Я достала кружок колбасы, немного сыру, три апельсина.
— Вот, ребята. Больше не могу, извините.
— И на том спасибо. Надеюсь, в другом деле ты пощедрее будешь.
Пьют они водку, а я попросила себе чаю — чайник на печурке стоял, хозяин мне налил кружку. Сидим, пьем. Они о чем-то своем беседуют, я о своем думаю.
— Теперь поспим, а вторую после этого прикончим. Глядишь, мадам после-то и разговорчивей станет, и новую закусь подбросит.

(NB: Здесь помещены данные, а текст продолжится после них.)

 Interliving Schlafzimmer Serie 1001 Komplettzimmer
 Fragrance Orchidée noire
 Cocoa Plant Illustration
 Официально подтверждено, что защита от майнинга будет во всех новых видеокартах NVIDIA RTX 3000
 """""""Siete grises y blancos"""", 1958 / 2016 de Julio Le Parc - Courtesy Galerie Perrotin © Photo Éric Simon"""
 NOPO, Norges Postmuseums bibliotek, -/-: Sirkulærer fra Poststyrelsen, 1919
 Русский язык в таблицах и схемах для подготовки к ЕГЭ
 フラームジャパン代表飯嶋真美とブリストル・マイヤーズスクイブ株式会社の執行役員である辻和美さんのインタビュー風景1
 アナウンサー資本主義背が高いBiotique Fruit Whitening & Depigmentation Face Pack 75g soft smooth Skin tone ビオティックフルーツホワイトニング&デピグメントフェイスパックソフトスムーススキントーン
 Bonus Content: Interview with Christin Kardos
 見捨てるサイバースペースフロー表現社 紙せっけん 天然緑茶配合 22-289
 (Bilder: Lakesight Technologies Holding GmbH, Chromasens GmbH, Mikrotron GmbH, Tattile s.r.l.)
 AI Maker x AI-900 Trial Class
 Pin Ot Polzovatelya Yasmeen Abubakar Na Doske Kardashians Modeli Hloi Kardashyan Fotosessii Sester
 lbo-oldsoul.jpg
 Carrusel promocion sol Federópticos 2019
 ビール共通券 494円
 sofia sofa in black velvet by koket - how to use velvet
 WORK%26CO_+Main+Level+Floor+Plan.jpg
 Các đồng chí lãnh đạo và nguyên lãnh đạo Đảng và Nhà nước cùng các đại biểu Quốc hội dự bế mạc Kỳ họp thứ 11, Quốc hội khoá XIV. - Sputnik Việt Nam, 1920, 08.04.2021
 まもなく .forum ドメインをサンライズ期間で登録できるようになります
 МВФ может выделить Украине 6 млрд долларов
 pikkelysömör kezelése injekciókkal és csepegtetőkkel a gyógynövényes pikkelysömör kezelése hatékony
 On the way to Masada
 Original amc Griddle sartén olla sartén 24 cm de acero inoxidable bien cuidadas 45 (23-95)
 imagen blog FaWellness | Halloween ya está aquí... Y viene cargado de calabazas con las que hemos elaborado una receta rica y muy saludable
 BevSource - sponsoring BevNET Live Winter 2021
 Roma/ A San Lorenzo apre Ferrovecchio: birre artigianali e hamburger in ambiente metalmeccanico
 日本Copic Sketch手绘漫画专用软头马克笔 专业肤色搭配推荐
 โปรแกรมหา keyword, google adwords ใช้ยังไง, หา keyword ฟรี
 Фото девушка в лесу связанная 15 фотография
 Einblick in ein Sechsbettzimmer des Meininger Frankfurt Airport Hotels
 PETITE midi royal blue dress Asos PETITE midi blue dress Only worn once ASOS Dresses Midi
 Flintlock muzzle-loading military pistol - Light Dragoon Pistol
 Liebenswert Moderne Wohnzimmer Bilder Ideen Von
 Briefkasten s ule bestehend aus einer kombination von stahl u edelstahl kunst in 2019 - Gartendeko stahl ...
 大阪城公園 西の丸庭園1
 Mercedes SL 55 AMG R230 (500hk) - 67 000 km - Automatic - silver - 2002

Поднимается он со скамейки, подходит к двери во вторую комнату и распахивает ее ногой:
— Силь ву пле, мадам, как говорят в хорошем обществе. Прошу раздеваться и раскладываться. Я вхожу, вижу одну койку и спрашиваю:
— А вы где же ляжете? Или тут еще есть помещение?
— Зачем такая роскошь? Мы со Степой по очереди будем, нам не впервой.
И начинает он раздеваться, поглядывая на меня с недоброй ухмылкой. Тут я окончательно поняла, что он задумал.
— Что вы собираетесь делать?
— Что хочу и сделаю, то и собираюсь. Не одетым же на бабу лезть.
Подходит он ко мне, опешившей, хватает за плечи и швыряет на койку. Я в слезы, прошу отпустить, не трогать. А он сдавил мне горло и шипит.
— Замолчи и не вертухайся! А то сейчас враз прикончу, в лес сволоку и там волкам на съедение брошу, как последнюю падаль!
И такая лютая-лютая в его голосе ненависть ко мне, что я обмерла от ужаса: в жизни меня никто так не ненавидел! Пытаюсь я что-то сказать, объясниться, а он мне подушку на лицо накинул:
— Молчи, а то сейчас задохнешься, падаль!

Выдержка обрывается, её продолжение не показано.